Only the tail of the listing is wanted: the line containing "Double Tulips, Plate" and all after it, repeated exactly, pictures omitted.

--- DATA EXTRACT ---
Content starts
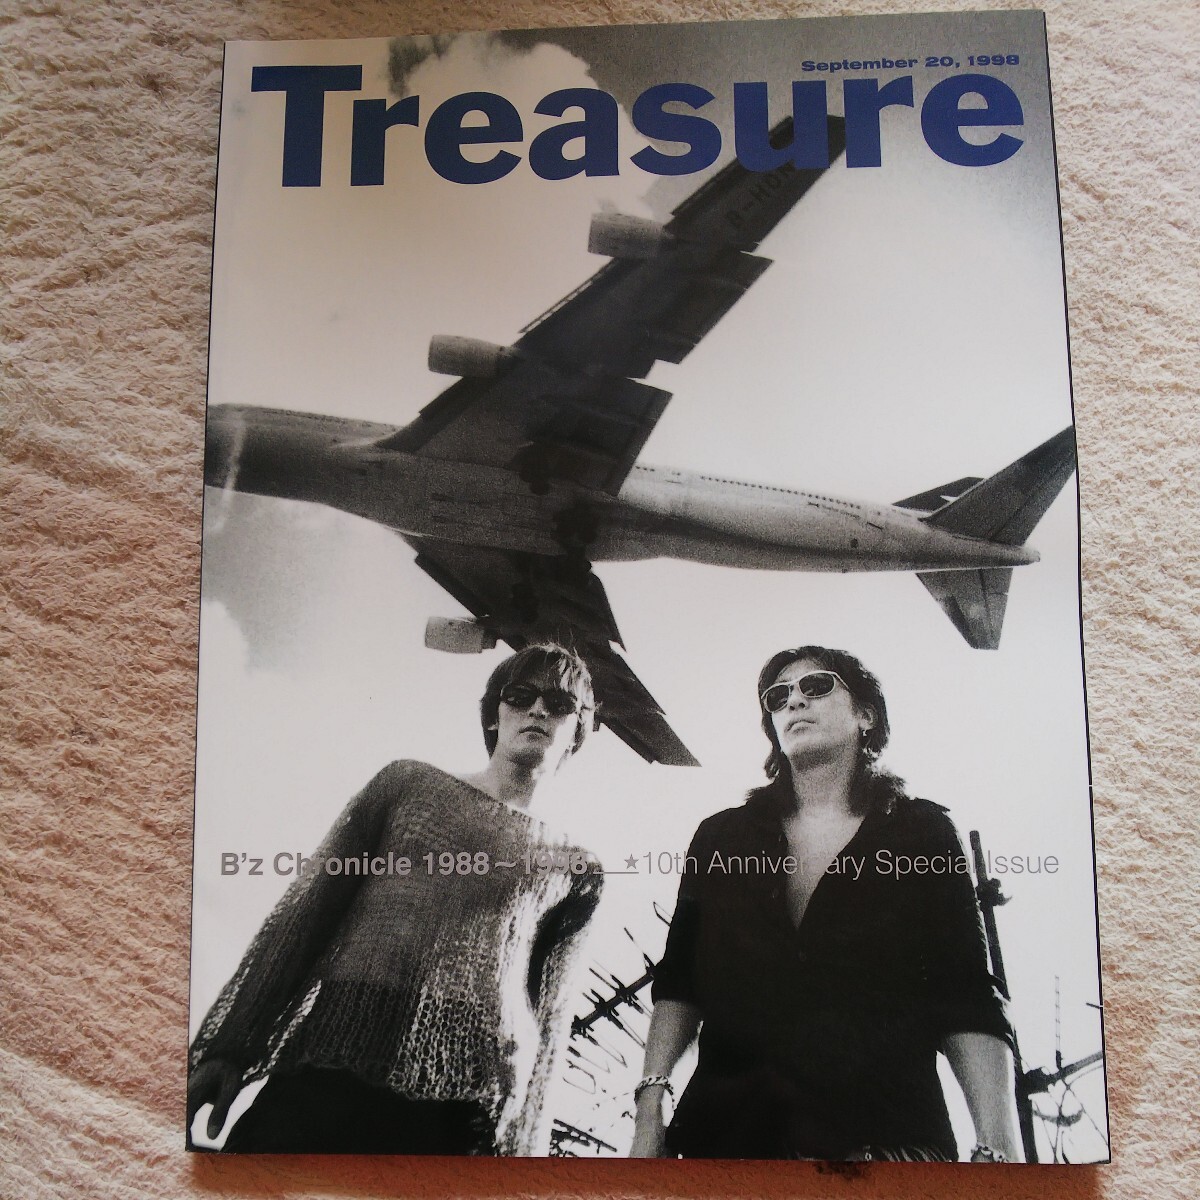 【非売品】B'z The Book Treasure CDケース付_画像2
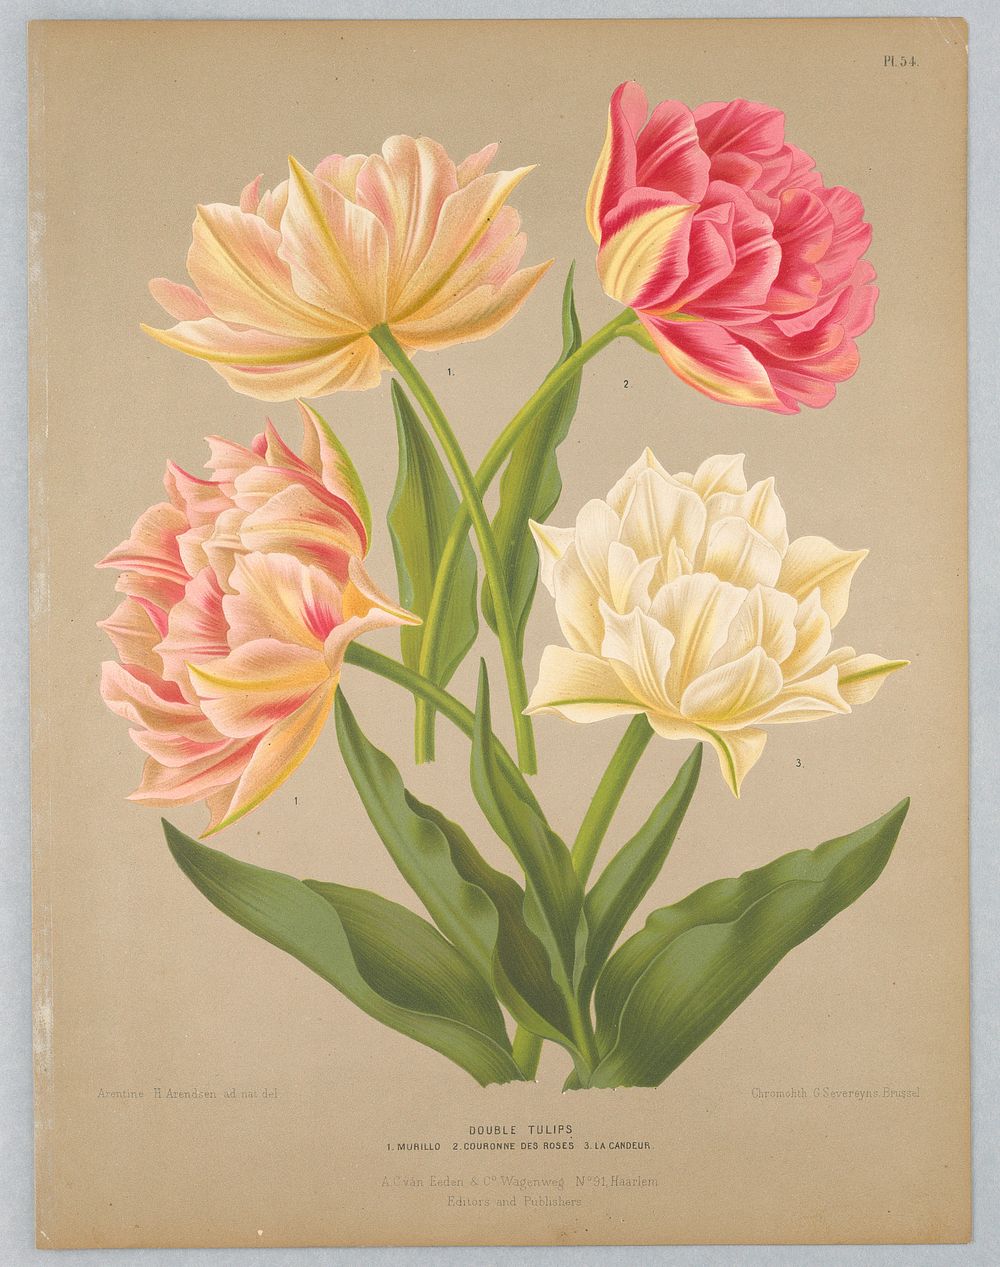 Double Tulips, Plate 54 from A. C. Van Eeden's "Flora of Haarlem"
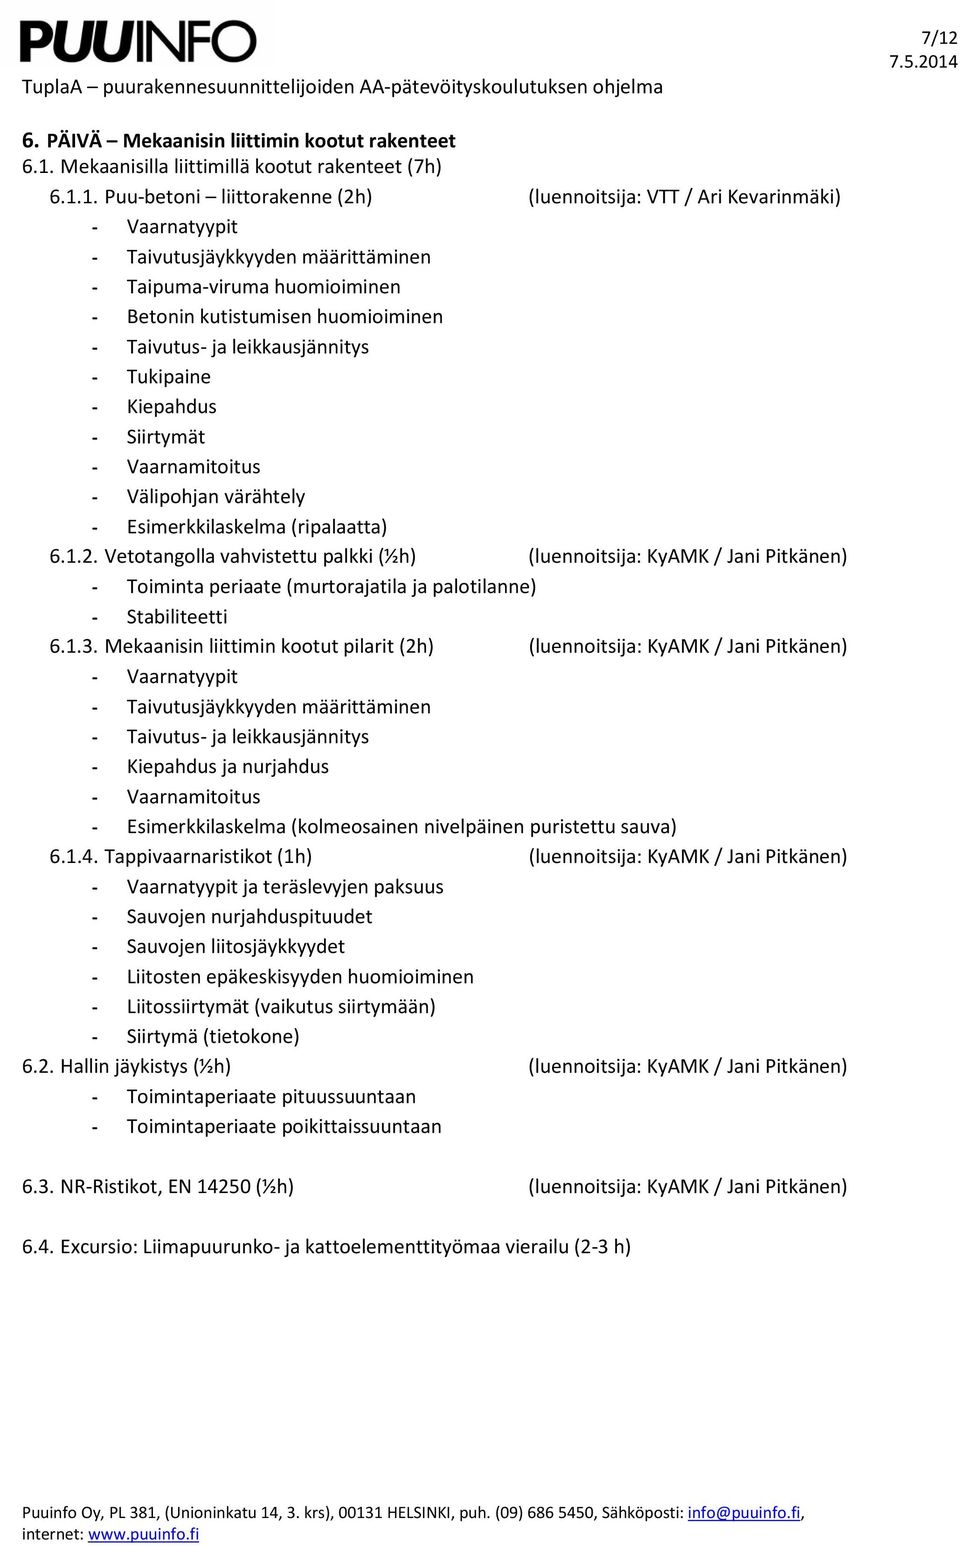 värähtely - Esimerkkilaskelma (ripalaatta) 6.1.2. Vetotangolla vahvistettu palkki (½h) (luennoitsija: KyAMK / Jani Pitkänen) - Toiminta periaate (murtorajatila ja palotilanne) - Stabiliteetti 6.1.3.
Content ends
--- SOLUTION FOR THIS PROBLEM ---
 Double Tulips, Plate 54 from A. C. Van Eeden's "Flora of Haarlem"
 värähtely - Esimerkkilaskelma (ripalaatta) 6.1.2. Vetotangolla vahvistettu palkki (½h) (luennoitsija: KyAMK / Jani Pitkänen) - Toiminta periaate (murtorajatila ja palotilanne) - Stabiliteetti 6.1.3.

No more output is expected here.